NOTE: Always reference VPI’s official documentation. My stuff is easily outdated.

Resources

https://www.youtube.com/watch?v=6-FhpfwBpXk&ab_channel=NVIDIADeveloper

Questions:

  • I have some confusion about streams. Why do we have to specify the backend for the stream when we do vpiCreateStreamWrapper, but not vpiStreamCreate. Why the difference?
  • In cudaMalloc, you can specify the stream. However, vpiImageCreate doesn’t require you to define the stream?

Basics

Allocating a VPIImage

CHECK_STATUS(vpiImageCreate(cols, rows, VPI_IMAGE_FORMAT_U8, 0, &image));

Free a VPIImage

vpiImageDestroy(image);

Few ways to create images

  • vpiImageCreate
  • vpiImageCreateWrapper (from wrapping VPIImage around some other data)
  • vpiImageLockData / vpiImageUnlock (for getting the raw pointer from VPI, wrap this around another data structure)

VPIImageFormats

I realize that an image format is tightly coupled with how it is stored in memory. So what are the different formats?

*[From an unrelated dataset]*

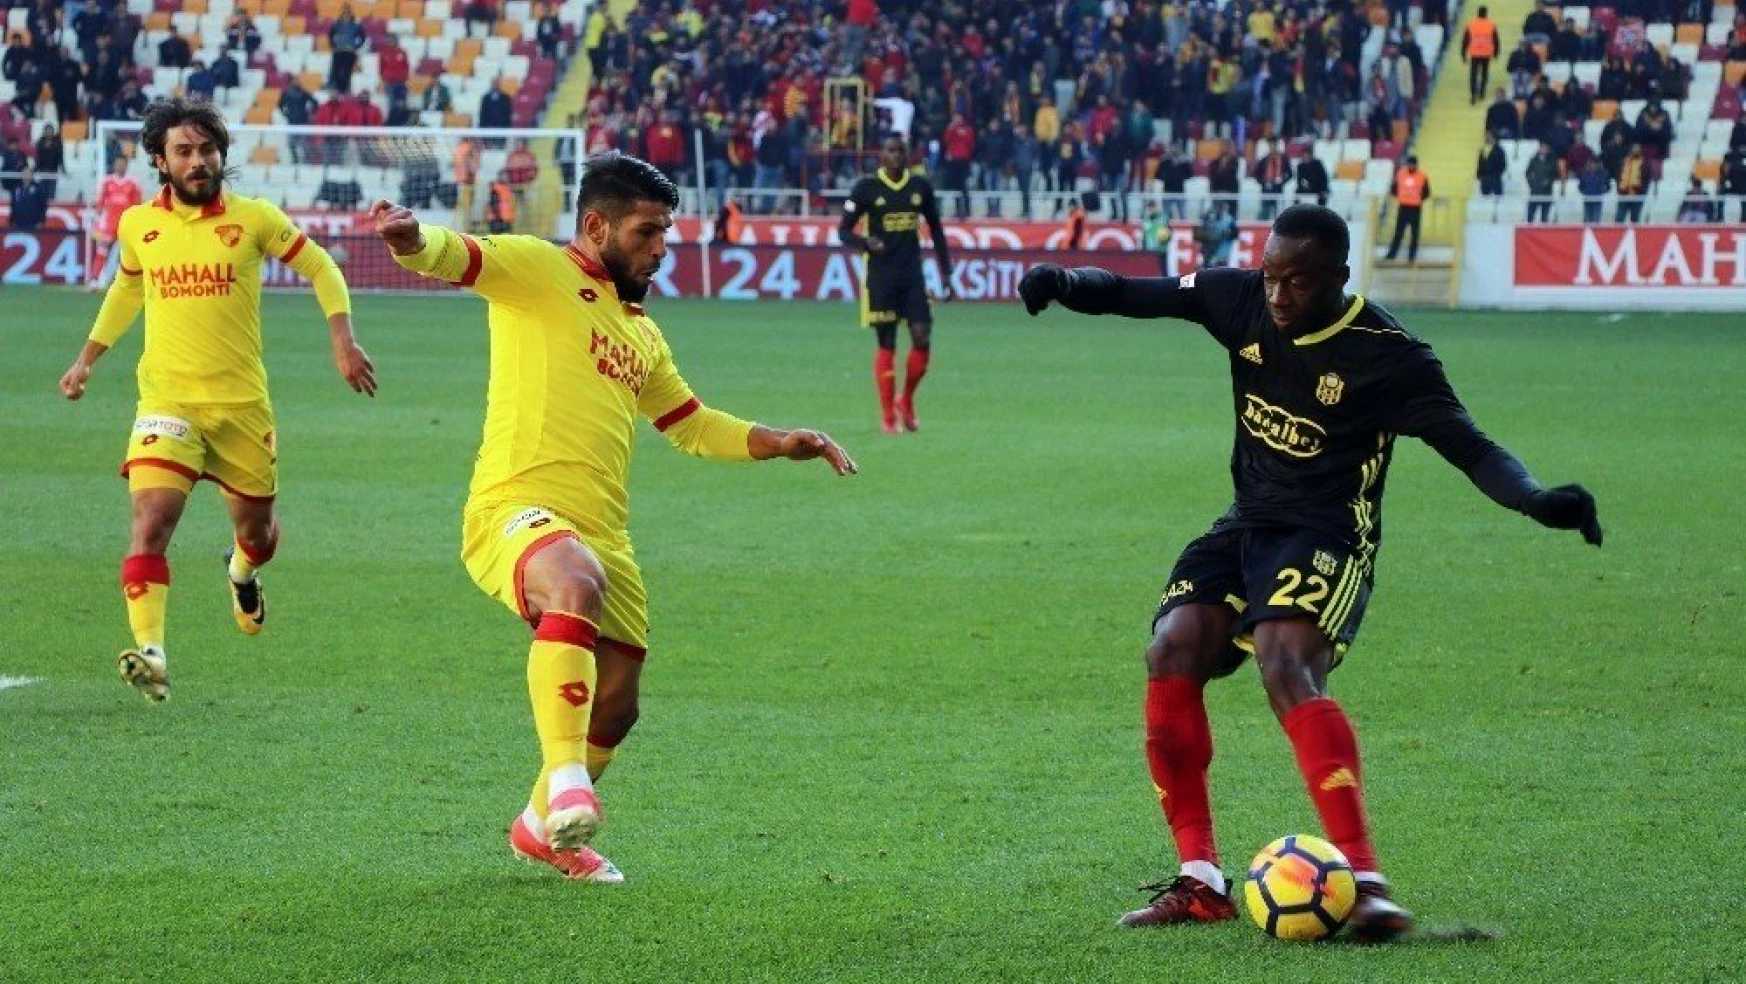 Süper Lig: Evkur Yeni Malatyaspor: 2 - Göztepe: 3 (Maç sonucu)
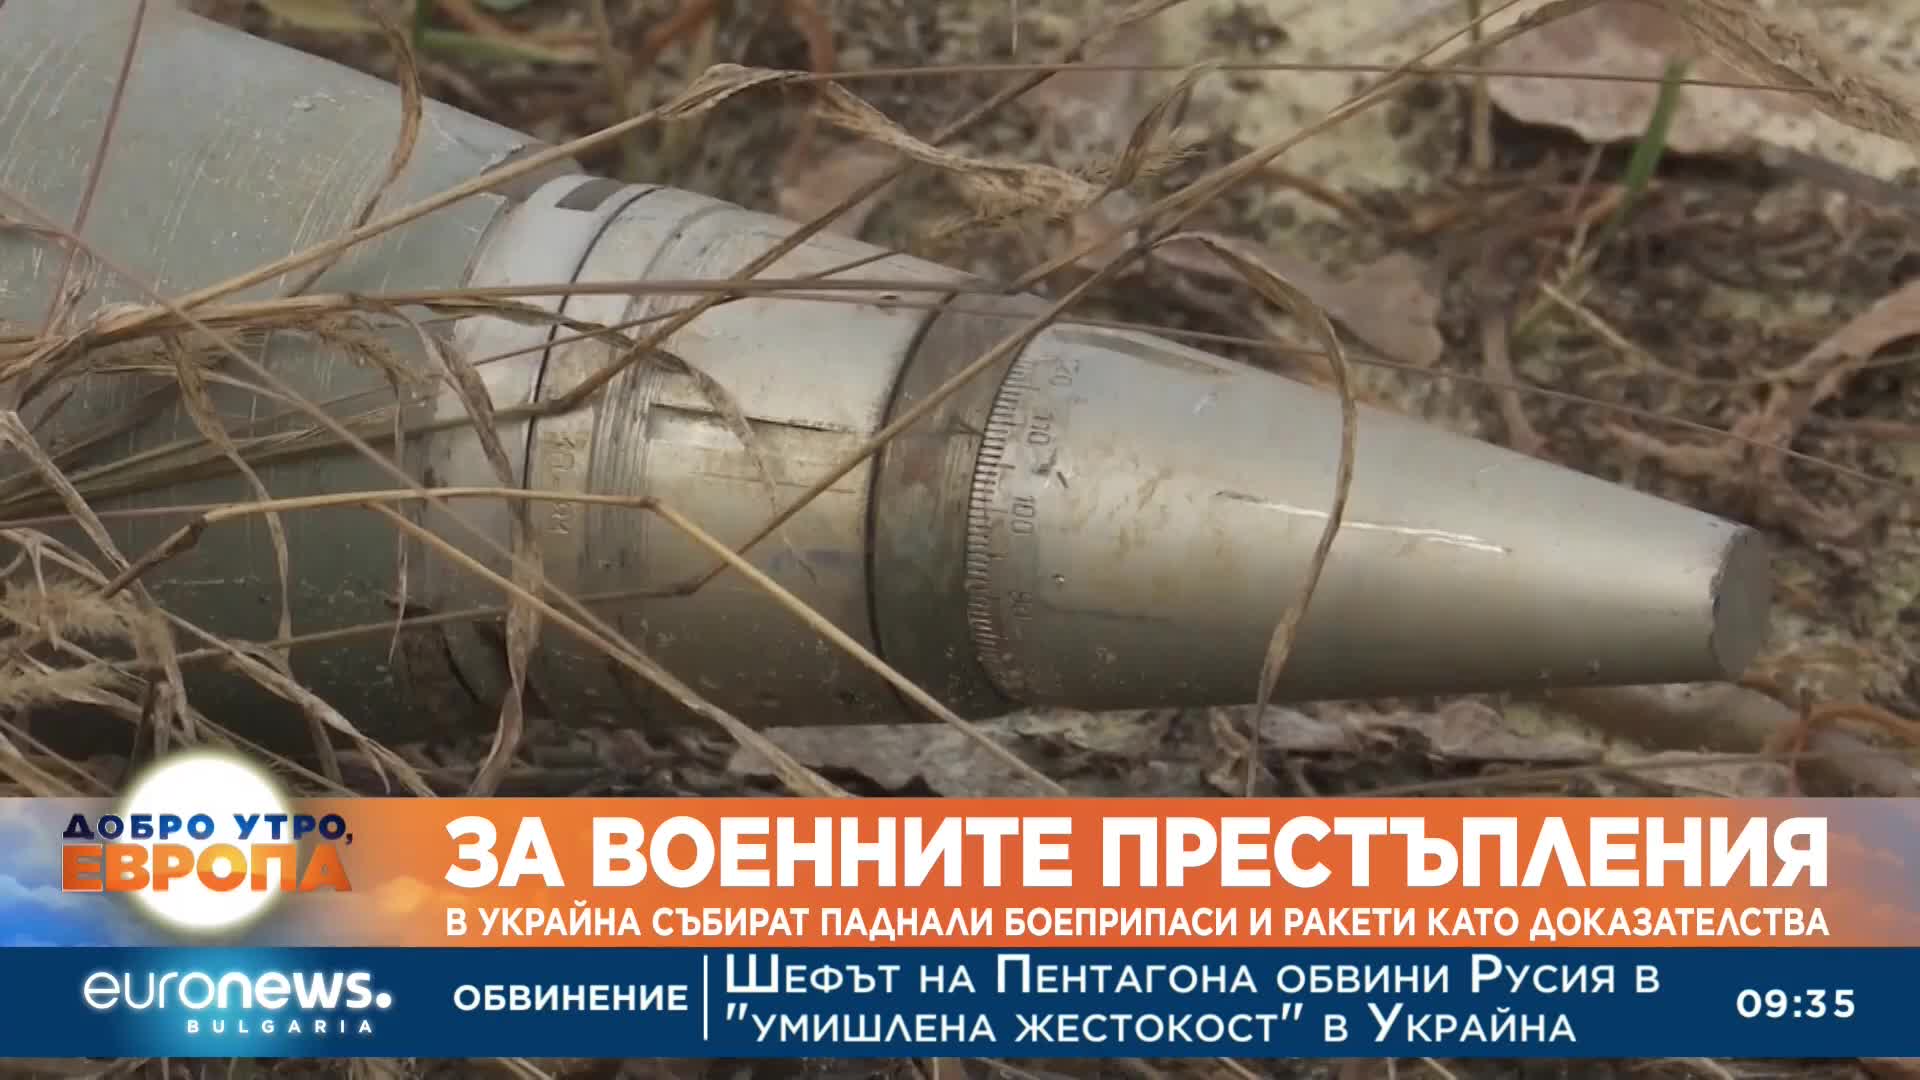 В Украйна събират паднали боеприпаси и ракети като доказателства за руски военни престъпления

The higher level thing is this

/** Represents the available methods to access image contents.
 * The correct method depends on \ref VPIImageData::bufferType. */
typedef union VPIImageBufferRec
{
    /** Image stored in pitch-linear layout.
     * To be used when \ref VPIImageData::bufferType is:
     * - \ref VPI_IMAGE_BUFFER_HOST_PITCH_LINEAR
     * - \ref VPI_IMAGE_BUFFER_CUDA_PITCH_LINEAR
     */
    VPIImageBufferPitchLinear pitch;
 
    /** Image stored in a `cudaArray_t`.
     * To be used when \ref VPIImageData::bufferType is:
     * - \ref VPI_IMAGE_BUFFER_CUDA_ARRAY
     */
    cudaArray_t cudaarray;
 
    /** Image stored as an EGLImageKHR.
     * To be used when \ref VPIImageData::bufferType is:
     * - \ref VPI_IMAGE_BUFFER_EGLIMAGE
     */
    EGLImageKHR egl;
 
    /** Image stored as an NvBuffer file descriptor.
     * To be used when \ref VPIImageData::bufferType is:
     * - \ref VPI_IMAGE_BUFFER_NVBUFFER
     */
    int fd;
 
} VPIImageBuffer;

https://docs.nvidia.com/vpi/group__VPI__Image.html#unionVPIImageBuffer https://docs.nvidia.com/vpi/group__VPI__ImageFormat.html

So for grayscale, they only have 1 channel

 #define VPI_IMAGE_FORMAT_U8 VPI_DETAIL_MAKE_NONCOLOR_FMT1(PL, UNSIGNED, X000, X8)
 
#define VPI_IMAGE_FORMAT_U8_BL VPI_DETAIL_MAKE_NONCOLOR_FMT1(BL, UNSIGNED, X000, X8)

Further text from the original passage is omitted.